Exercise instructions -> Look below for the line with "My Hero Academia"; begin the copy there and stop after the line with "Sint Hilaire Abbey", keeping the text exact and the pictures out.

+++ Materials provided +++

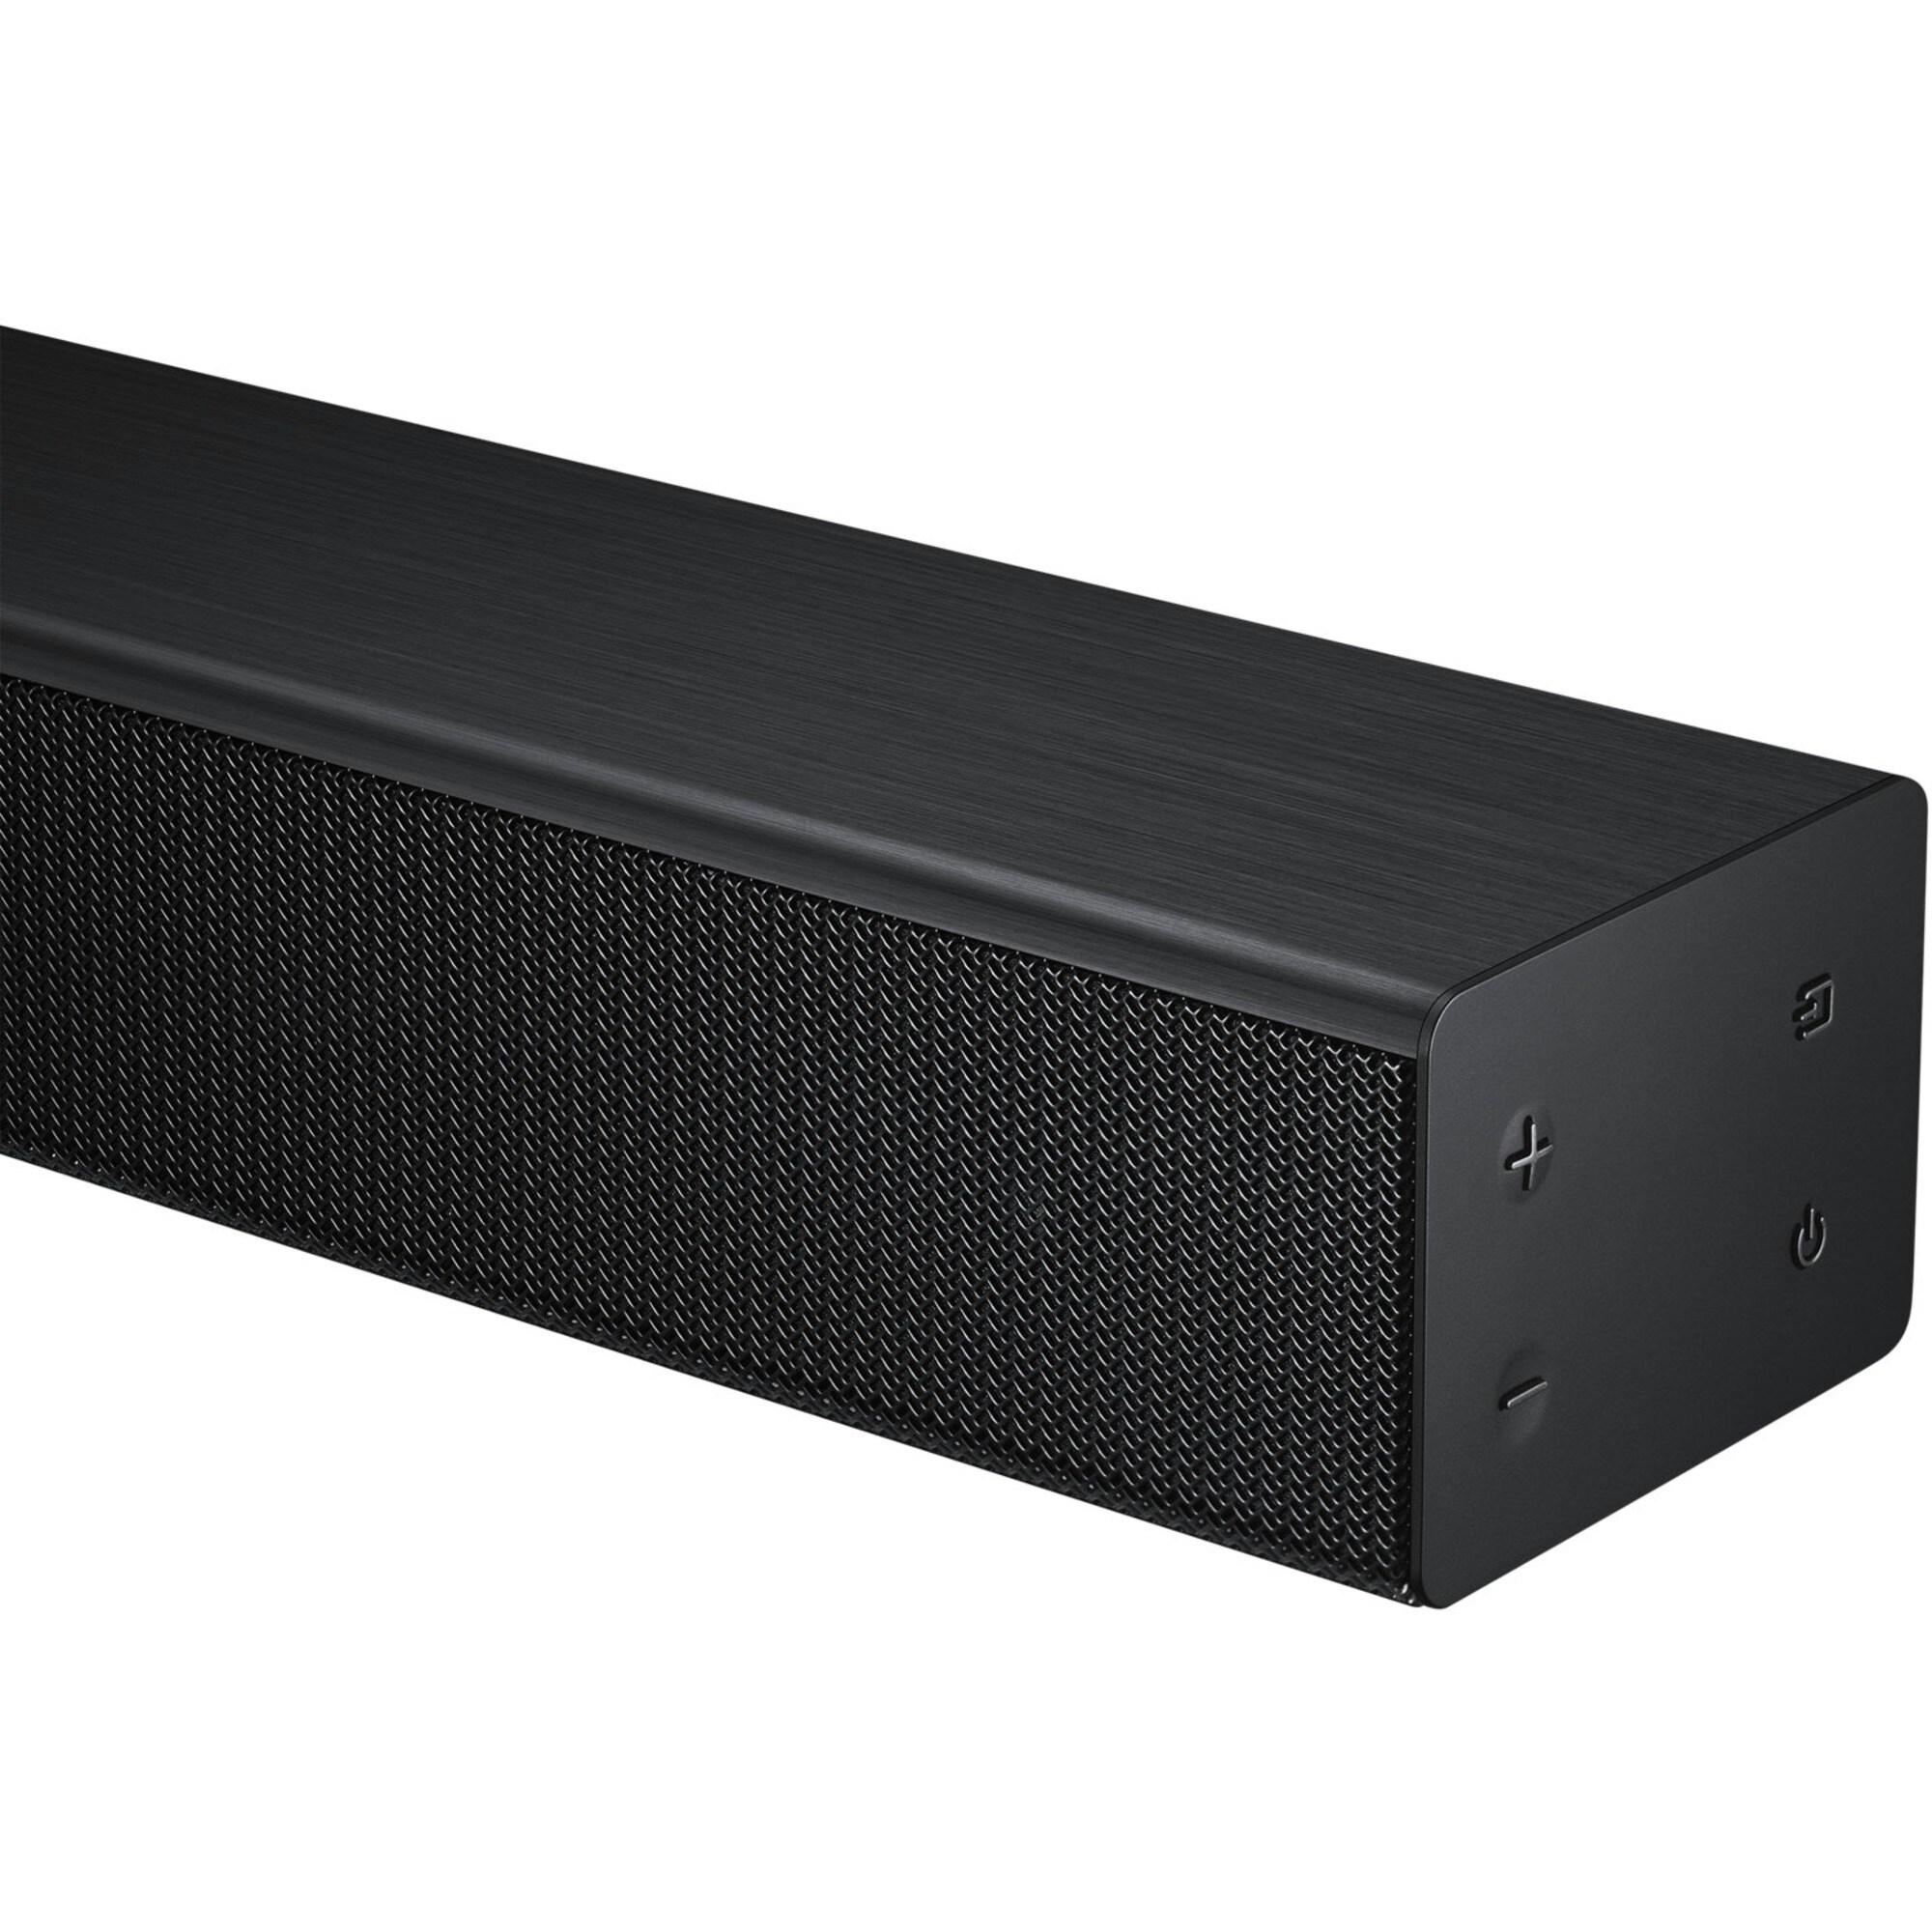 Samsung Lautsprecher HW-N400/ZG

+++
+++ Materials provided +++

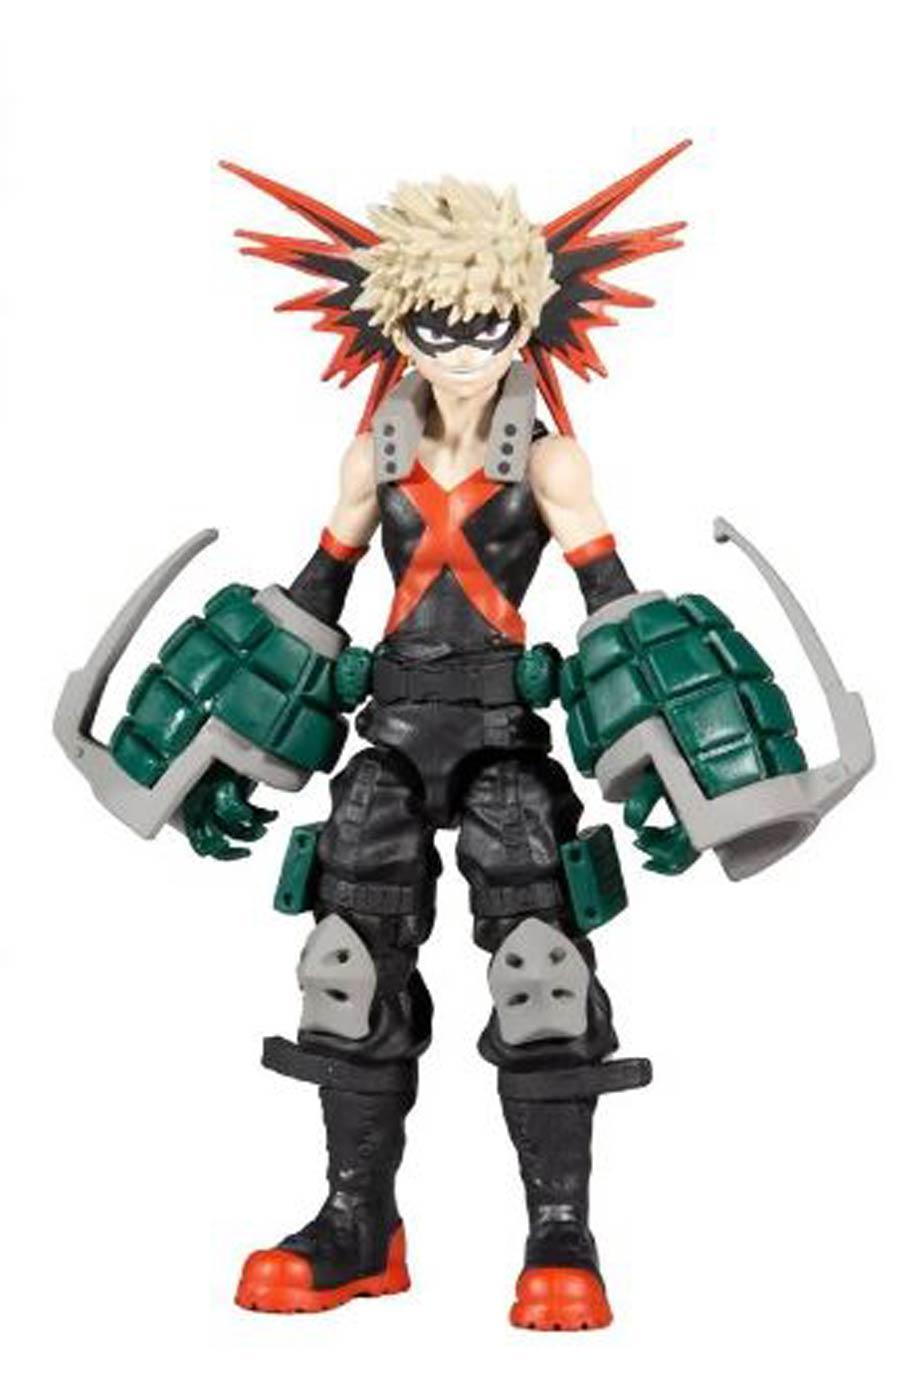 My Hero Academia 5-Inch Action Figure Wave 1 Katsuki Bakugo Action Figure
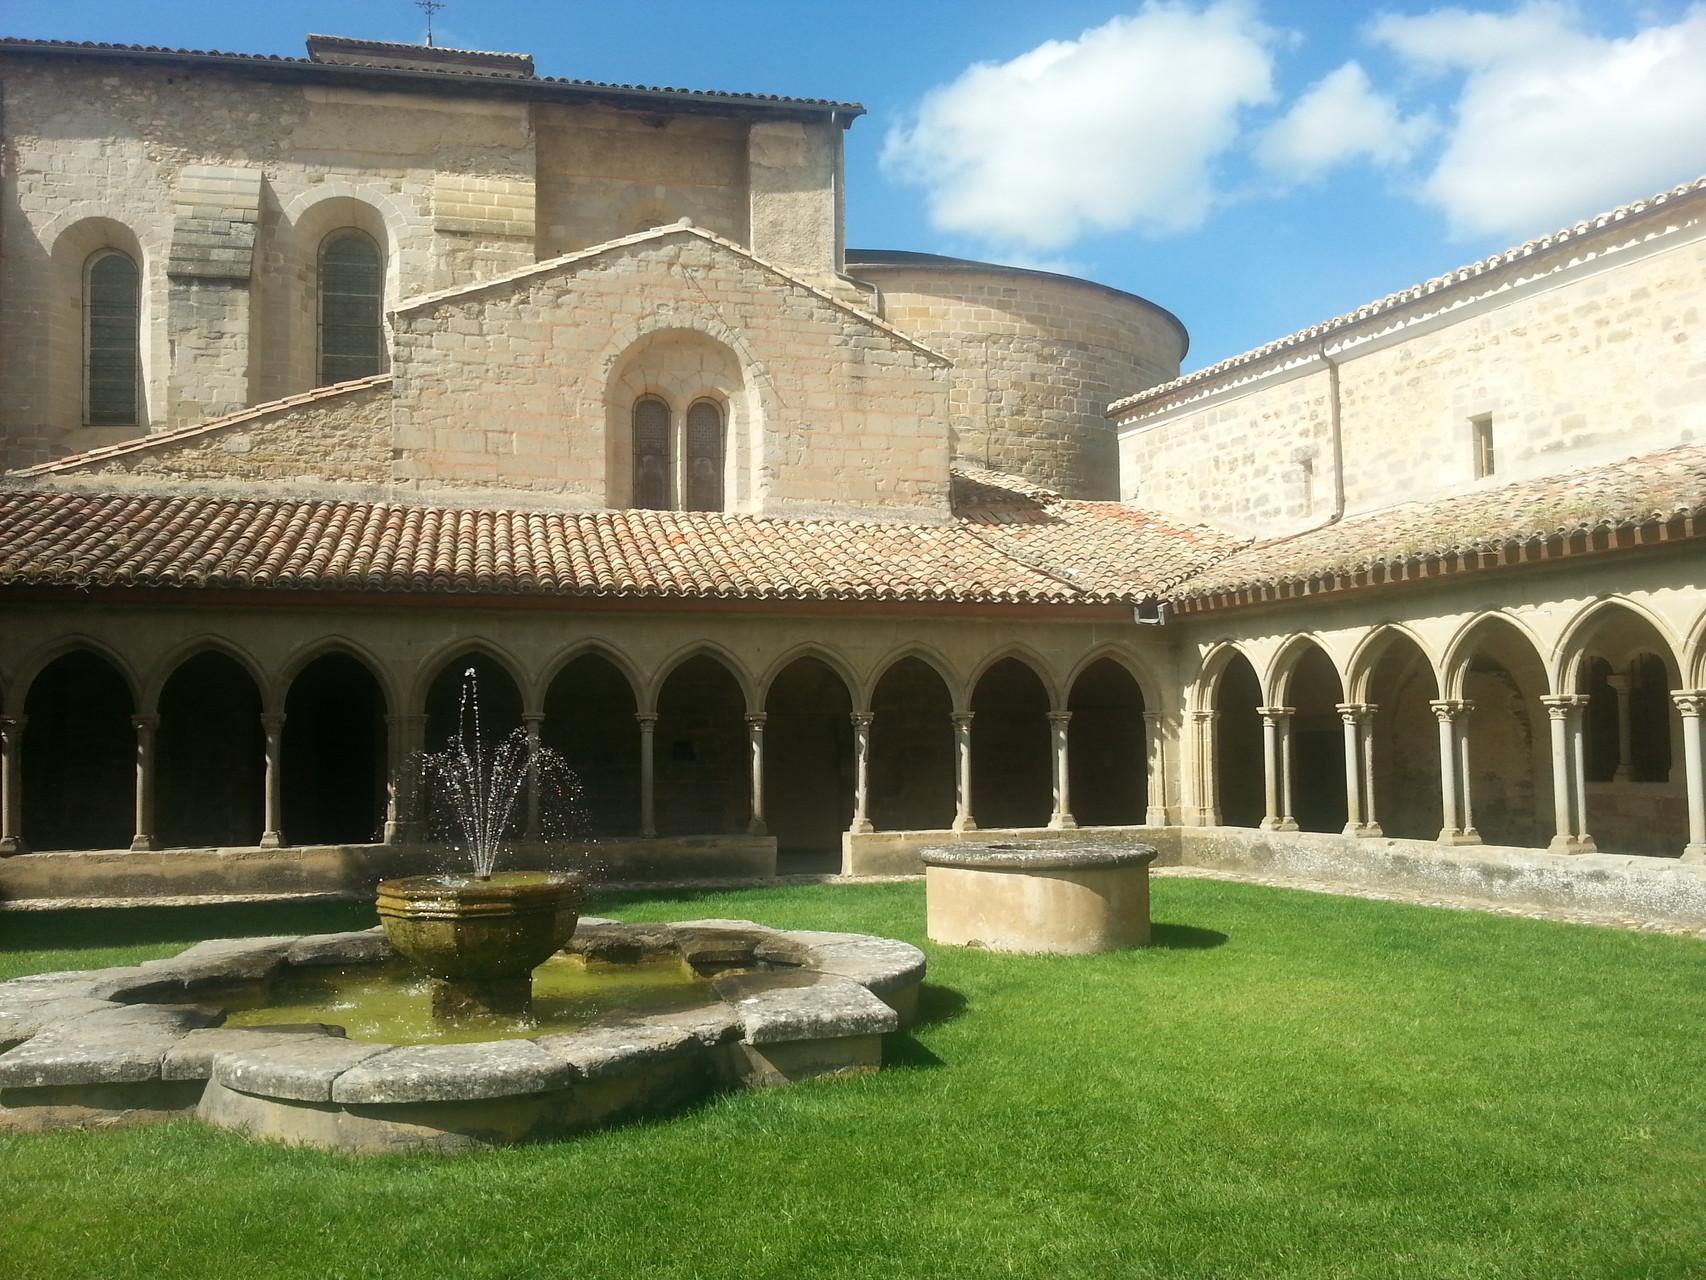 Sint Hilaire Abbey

+++

Output for this exercise ->
 My Hero Academia 5-Inch Action Figure Wave 1 Katsuki Bakugo Action Figure
 Sint Hilaire Abbey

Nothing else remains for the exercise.